Eighty percent year-over-year growth is forecast for Los Angeles-based Mission, a managed cloud and consulting company partnered with AWS. Mission saw organic annual growth of about 60 percent last year.

“Amazon’s own growth is in the 45 percent range annually, so it’s still growing incredibly strong,” Mission founder and CEO Simon Anderson said. “We’re just being brought into a lot of new opportunities, and we’re also finding a lot of opportunities for new workloads with existing customers.”

The challenge for Mission is one of complexity, according to Anderson.

“The platform has many services to choose from and many approaches to build a new application or run an application,” Anderson said. “The challenge is to ensure that the customers really understand all of the services, and we help them make the best choices so their apps are performing, are flexible and secure, and can continue to be developed in a very agile fashion.”

Next-generation services that are of strong interest to customers include containers, serverless and Windows workload, according to Anderson.

“We continue to see customers who want to deploy artificial intelligence and machine learnings for their applications,” he said. “That’s going to continue to be a big trend.”

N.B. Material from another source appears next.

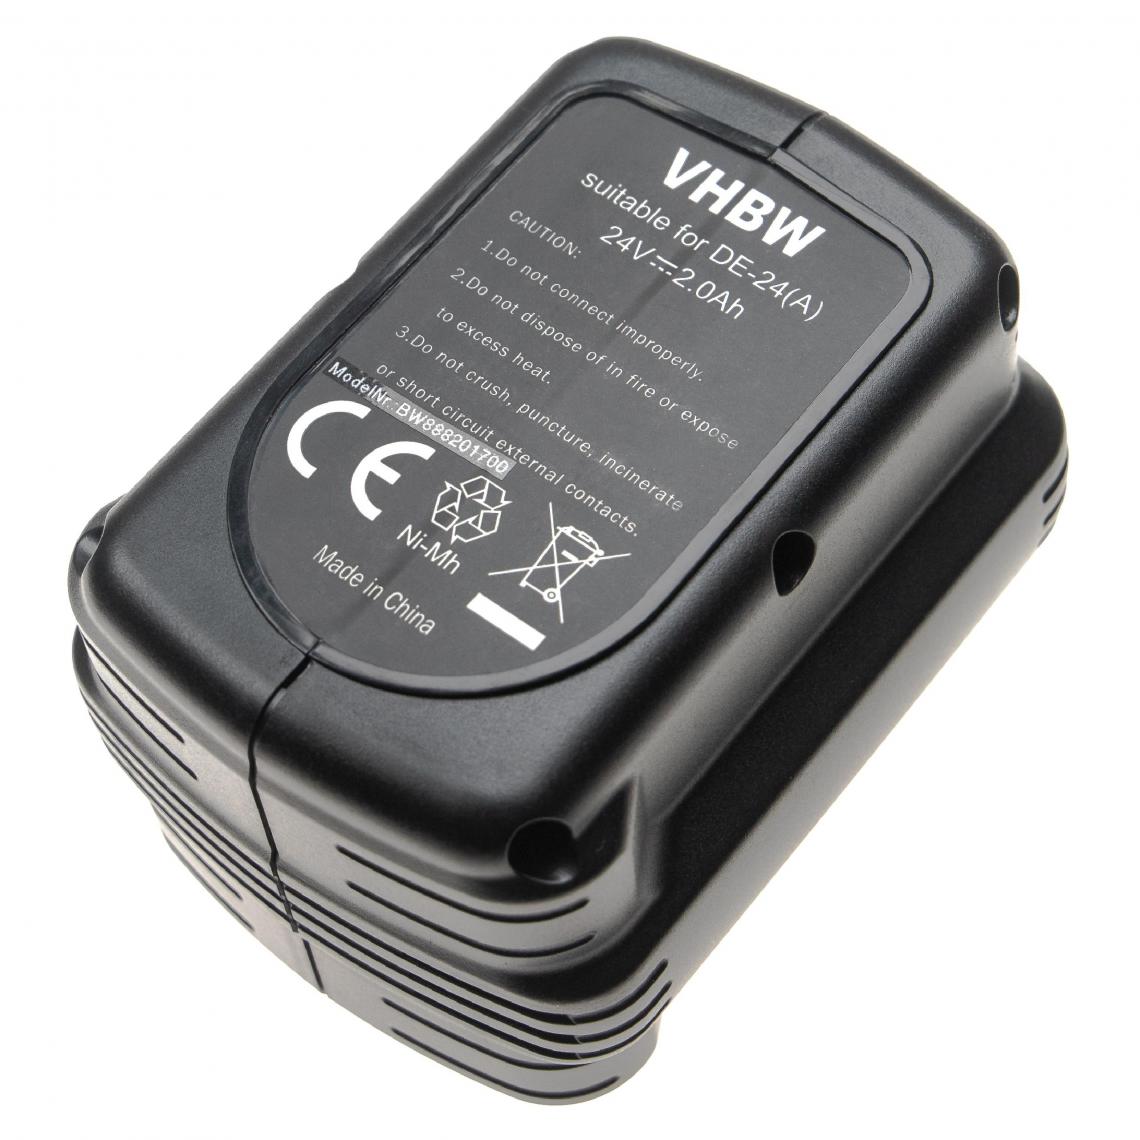 Vhbw - vhbw Batterie compatible avec Dewalt DW017K2, DW017K2H, DW017N outil électrique (2000mAh NiMH 24V) - Clouterie
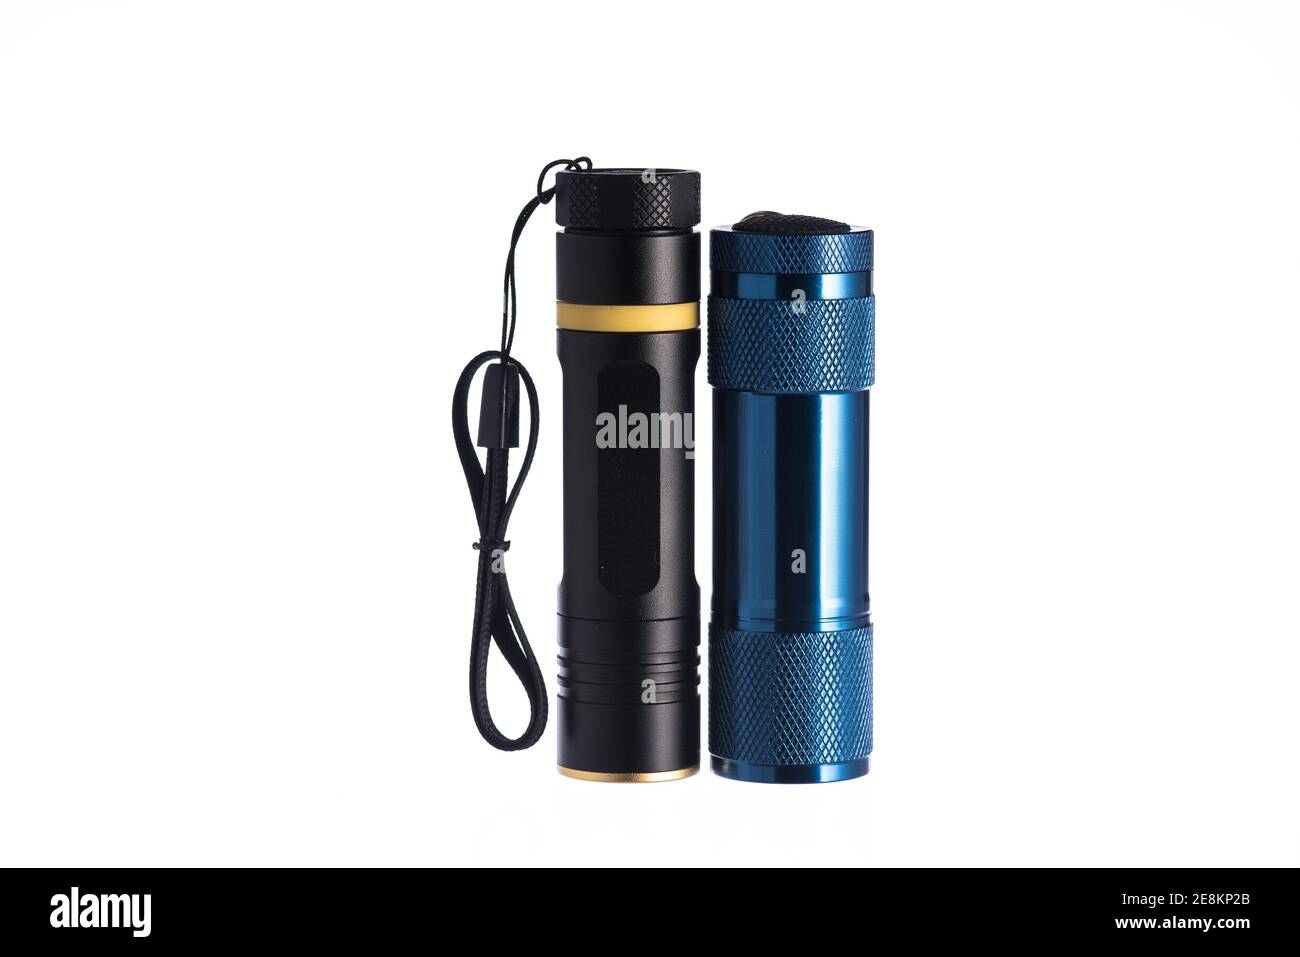 Zwei kleine Taschenlampen, schwarz und blau, nebeneinander auf dem isolierten weißen Hintergrund. Stockfoto

Mission has 85 employees after adding about 35 last year and hopes to bring on another 20 to 25 mostly service delivery technical hires to fill consulting, cloud operations and DevOps engineering roles.

New York City-based Logicworks, a managed service provider specializing in cloud compliance for highly regulated industries, expects to grow by about 8 percent to 10 percent per quarter, according to CEO Kenneth Ziegler.

The company, an AWS Premier Consulting Partner and Azure Gold Expert MSP Partner, derives 80 percent of its revenue from public cloud managed services.

“We’re targeting…approximately 35 percent growth for the full year,” Ziegler said. “Our services are wrapped around AWS and Azure, and so our growth will be a function of the continued adoption of the AWS and Azure platforms.”

After doubling its business last year, Minneapolis cloud product development company Agosto, a pure-play Google partner, is hoping for a repeat performance in 2019.

The first quarter is mirroring what president Aric Bandy witnessed the previous two years: rapid quarter-over-quarter growth as Google Cloud – under former CEO Diane Greene and new chief Thomas Kurian -- gets aggressive on winning big customers and not letting AWS and Microsoft Azure beat it on pricing and technical features.

“What I’ve seen in quarter one is pretty substantial growth, particularly in infrastructure and platform service,” said Bandy, whose company is a Tier 1 Google Cloud Premier Partner. “Everybody is going cloud first, and Google is a significant player now in that space.”

Bandy is encouraged by Kurian and believes Google’s quarter-over-quarter growth will outpace that of AWS and Micrsosoft Azure.

“That translates then to quarter-over-quarter growth to my company,” he said. “If Google grows, we grow.”

OST, a Grand Rapids, Mich.-based business technology consulting firm, has a strong outlook for the year when it comes to the public cloud, with a projected 10 percent to 20 percent revenue increase.

“We’re seeing the need to look at costs and operational structure, and agility and speed to market, as two tipping points for public cloud,” said Michael Lomonaco, marketing director at OST, which specializes in digital transformation and operational optimization for enterprises.